::: Records provided :::
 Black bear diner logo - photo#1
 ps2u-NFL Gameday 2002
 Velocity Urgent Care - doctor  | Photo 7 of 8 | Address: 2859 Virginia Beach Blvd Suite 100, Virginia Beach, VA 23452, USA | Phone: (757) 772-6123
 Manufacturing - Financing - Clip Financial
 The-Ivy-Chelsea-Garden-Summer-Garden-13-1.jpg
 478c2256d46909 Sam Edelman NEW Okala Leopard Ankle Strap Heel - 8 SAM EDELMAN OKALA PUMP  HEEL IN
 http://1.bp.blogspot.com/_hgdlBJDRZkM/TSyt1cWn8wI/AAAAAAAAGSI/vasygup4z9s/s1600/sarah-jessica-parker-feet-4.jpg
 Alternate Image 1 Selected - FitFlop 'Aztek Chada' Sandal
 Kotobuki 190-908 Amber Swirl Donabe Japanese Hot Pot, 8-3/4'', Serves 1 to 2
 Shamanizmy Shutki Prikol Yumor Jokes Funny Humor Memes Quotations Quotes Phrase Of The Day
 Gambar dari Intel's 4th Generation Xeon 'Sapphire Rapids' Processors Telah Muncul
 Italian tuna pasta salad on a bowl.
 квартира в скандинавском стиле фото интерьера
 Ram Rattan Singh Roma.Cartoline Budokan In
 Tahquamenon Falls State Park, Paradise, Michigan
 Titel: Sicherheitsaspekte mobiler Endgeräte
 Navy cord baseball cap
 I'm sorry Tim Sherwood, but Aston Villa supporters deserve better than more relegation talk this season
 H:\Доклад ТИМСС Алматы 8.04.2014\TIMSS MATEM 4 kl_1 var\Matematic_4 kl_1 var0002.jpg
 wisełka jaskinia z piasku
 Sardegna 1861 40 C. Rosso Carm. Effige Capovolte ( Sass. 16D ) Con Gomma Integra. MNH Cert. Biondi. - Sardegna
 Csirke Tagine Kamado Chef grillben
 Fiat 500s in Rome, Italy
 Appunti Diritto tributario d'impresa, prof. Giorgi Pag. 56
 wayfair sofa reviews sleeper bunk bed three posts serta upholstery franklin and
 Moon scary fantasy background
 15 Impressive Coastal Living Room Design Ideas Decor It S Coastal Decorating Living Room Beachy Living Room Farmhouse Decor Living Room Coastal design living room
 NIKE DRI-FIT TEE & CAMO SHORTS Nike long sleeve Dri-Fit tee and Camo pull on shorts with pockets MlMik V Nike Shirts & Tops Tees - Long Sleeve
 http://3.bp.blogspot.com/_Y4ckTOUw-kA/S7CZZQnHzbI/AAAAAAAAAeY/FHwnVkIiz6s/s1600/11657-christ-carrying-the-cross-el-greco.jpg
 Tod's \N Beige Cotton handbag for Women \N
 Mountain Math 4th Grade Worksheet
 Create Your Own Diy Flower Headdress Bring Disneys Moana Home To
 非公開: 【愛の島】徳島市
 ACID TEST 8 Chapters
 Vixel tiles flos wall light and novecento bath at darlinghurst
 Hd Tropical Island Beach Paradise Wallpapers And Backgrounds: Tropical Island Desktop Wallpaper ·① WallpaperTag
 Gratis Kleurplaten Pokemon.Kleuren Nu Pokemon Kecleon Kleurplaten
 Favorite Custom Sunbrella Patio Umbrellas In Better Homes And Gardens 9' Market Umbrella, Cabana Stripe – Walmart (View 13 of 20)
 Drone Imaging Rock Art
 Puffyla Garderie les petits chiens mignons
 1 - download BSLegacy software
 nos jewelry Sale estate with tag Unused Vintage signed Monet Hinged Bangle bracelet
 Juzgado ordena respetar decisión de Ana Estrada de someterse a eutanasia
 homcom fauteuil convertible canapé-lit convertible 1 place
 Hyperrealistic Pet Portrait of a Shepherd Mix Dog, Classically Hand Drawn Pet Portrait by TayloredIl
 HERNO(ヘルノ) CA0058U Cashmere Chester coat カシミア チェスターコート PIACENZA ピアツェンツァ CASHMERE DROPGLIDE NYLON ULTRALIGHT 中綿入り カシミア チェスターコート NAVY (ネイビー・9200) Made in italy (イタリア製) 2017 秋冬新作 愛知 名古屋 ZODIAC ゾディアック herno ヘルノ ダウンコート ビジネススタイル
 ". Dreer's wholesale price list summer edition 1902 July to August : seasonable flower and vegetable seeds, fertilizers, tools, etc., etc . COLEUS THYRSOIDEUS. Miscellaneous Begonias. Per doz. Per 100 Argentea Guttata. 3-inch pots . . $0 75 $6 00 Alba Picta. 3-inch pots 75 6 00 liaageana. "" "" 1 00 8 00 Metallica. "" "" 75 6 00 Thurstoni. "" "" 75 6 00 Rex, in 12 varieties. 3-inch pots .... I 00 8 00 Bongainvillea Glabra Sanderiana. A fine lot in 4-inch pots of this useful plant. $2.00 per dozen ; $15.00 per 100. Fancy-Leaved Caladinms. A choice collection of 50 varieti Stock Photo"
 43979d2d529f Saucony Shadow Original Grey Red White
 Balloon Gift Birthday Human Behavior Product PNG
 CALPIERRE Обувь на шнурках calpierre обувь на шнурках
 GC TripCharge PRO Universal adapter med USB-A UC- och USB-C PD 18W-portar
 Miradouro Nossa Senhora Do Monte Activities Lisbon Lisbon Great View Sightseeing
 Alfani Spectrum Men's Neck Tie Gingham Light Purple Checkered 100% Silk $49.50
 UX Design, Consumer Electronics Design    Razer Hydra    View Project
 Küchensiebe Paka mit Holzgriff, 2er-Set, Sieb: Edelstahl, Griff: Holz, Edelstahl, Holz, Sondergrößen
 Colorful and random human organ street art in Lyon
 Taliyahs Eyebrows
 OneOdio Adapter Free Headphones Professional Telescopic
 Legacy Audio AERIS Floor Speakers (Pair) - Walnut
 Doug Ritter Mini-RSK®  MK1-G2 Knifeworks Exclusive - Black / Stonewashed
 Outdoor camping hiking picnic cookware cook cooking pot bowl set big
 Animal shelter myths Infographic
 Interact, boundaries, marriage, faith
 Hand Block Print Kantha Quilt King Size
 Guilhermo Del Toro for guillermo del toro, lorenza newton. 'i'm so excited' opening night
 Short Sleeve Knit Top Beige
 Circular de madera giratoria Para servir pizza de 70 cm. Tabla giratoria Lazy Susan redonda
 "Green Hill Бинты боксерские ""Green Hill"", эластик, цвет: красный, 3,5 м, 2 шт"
:::
* Goal of the exercise *
When the line with "Shamanizmy Shutki Prikol" is reached in the data above, begin copying, and stop after the line with "Tahquamenon Falls State"; copy each line exactly, both ends included.

* Your response *
 Shamanizmy Shutki Prikol Yumor Jokes Funny Humor Memes Quotations Quotes Phrase Of The Day
 Gambar dari Intel's 4th Generation Xeon 'Sapphire Rapids' Processors Telah Muncul
 Italian tuna pasta salad on a bowl.
 квартира в скандинавском стиле фото интерьера
 Ram Rattan Singh Roma.Cartoline Budokan In
 Tahquamenon Falls State Park, Paradise, Michigan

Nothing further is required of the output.